> **Problem requirements**: Line by line, restate the material word for word, omitting any image.
Segment Start: Data segment
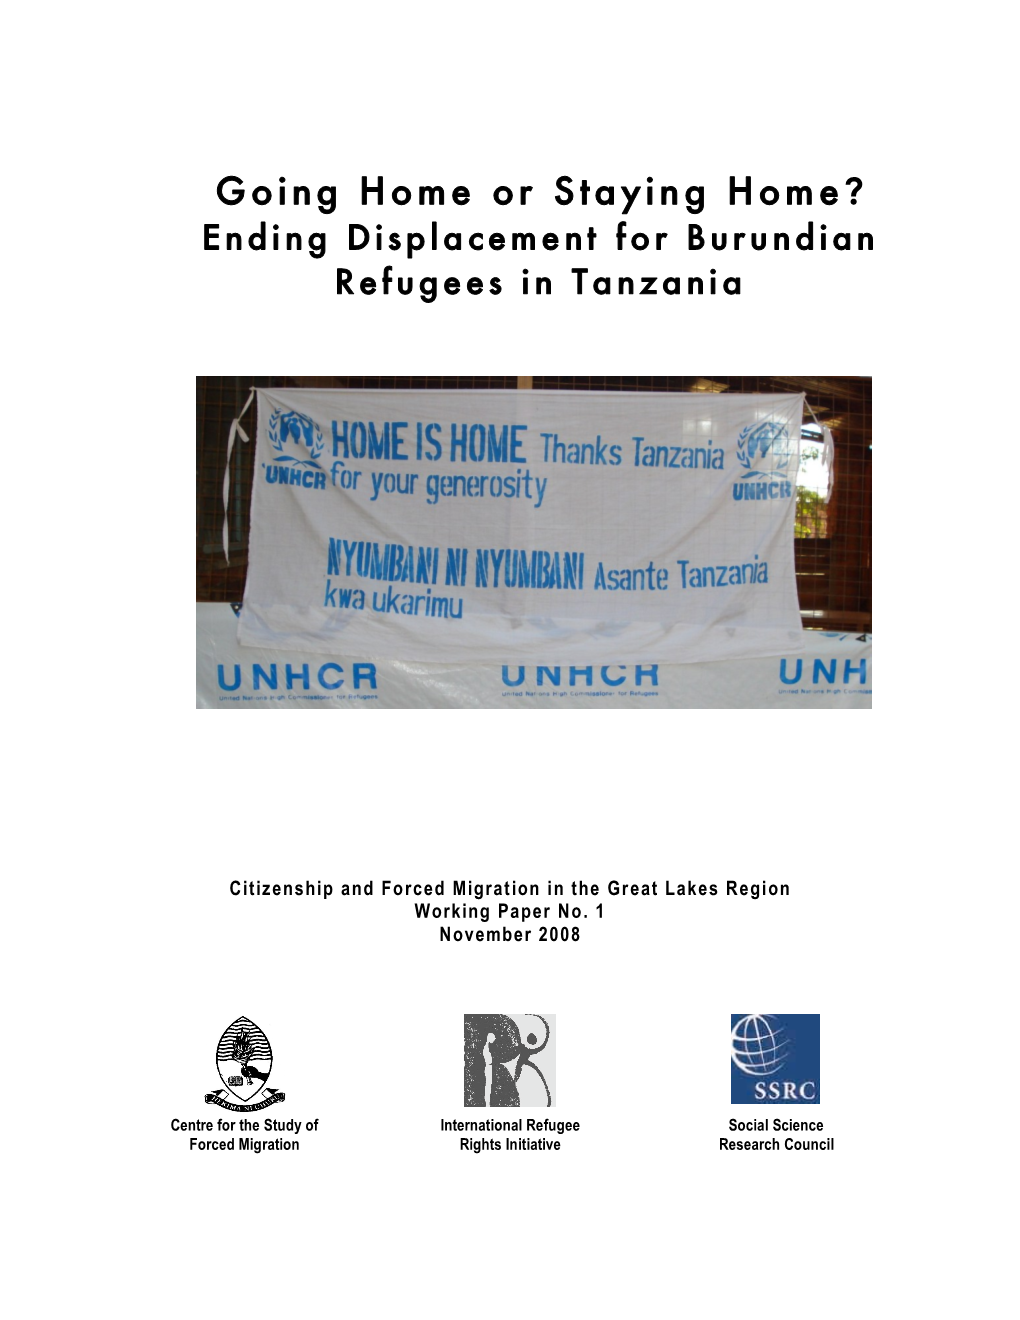 Ending Displacement for Burundian Refugees in Tanzania
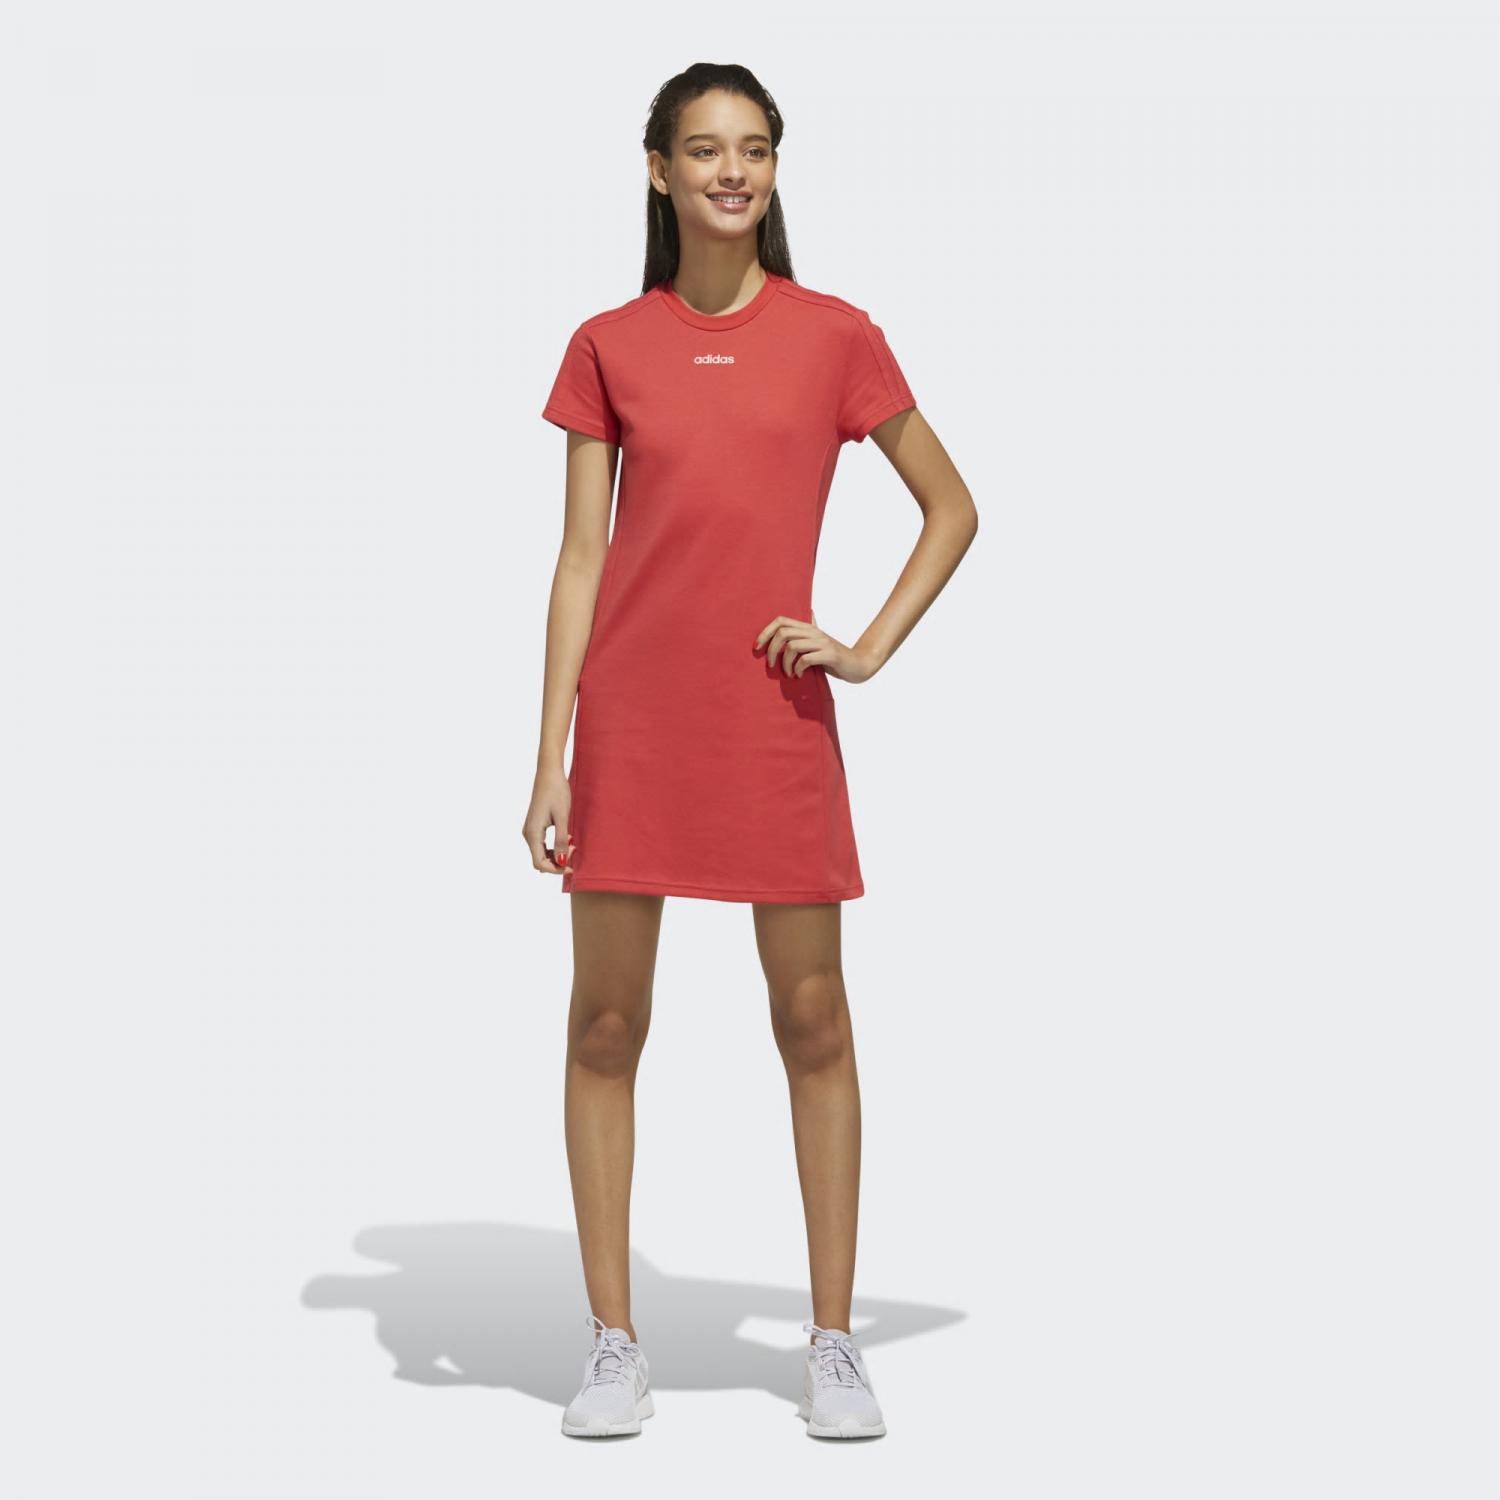 Womens Culture Pack Dress Red | Adidas Dresses & Skirts > Voglia Di Natura
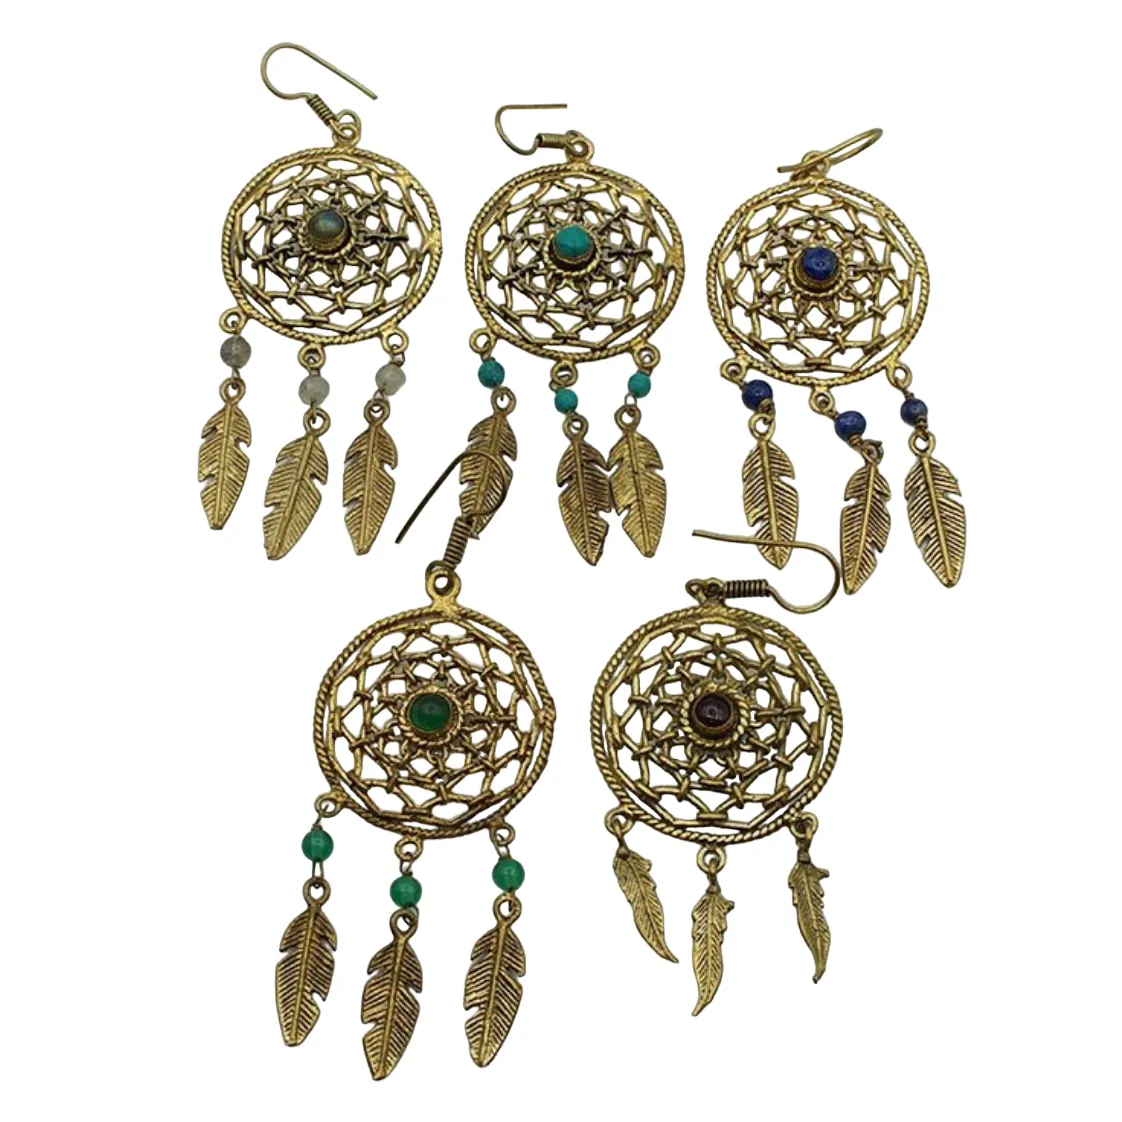 High quality handmade earrings with feathers for women beautiful fashionable big earrings handmade jewelry
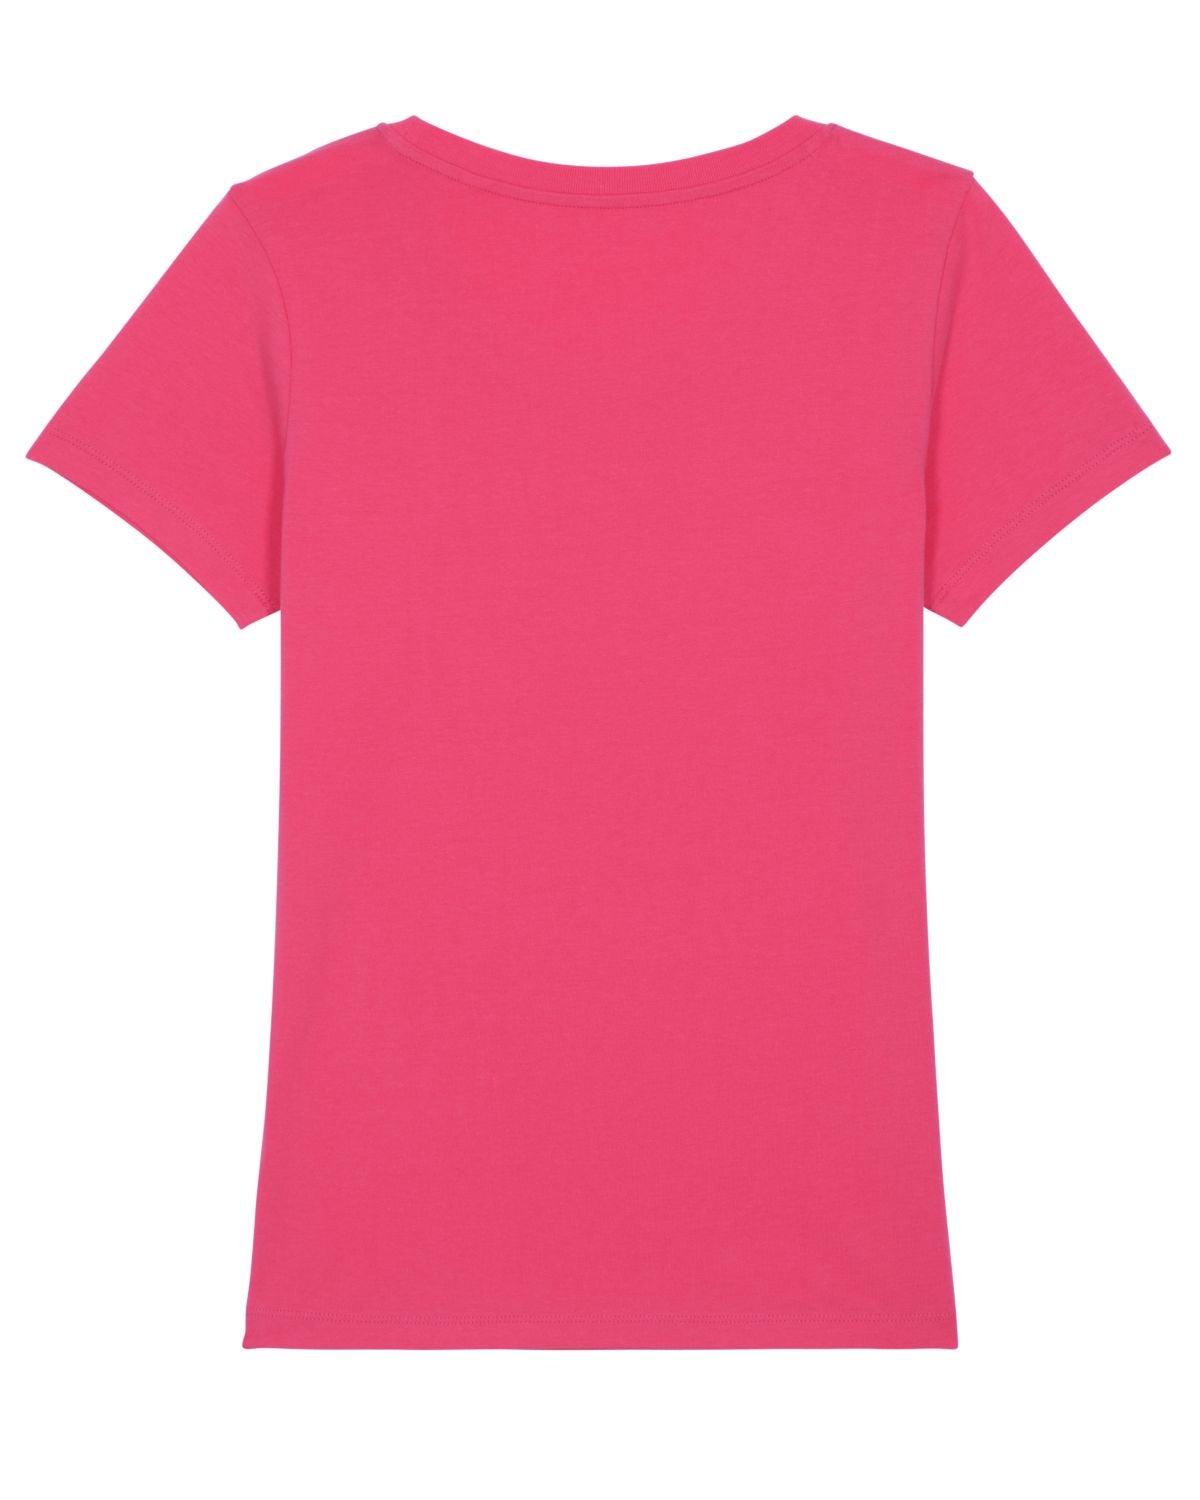 DEERN Shirt pink punch XS
Segment End: Data segment
> **Exercise response**:
 Ending Displacement for Burundian Refugees in Tanzania
 Womens Culture Pack Dress Red | Adidas Dresses & Skirts > Voglia Di Natura
 High quality handmade earrings with feathers for women beautiful fashionable big earrings handmade jewelry
 DEERN Shirt pink punch XS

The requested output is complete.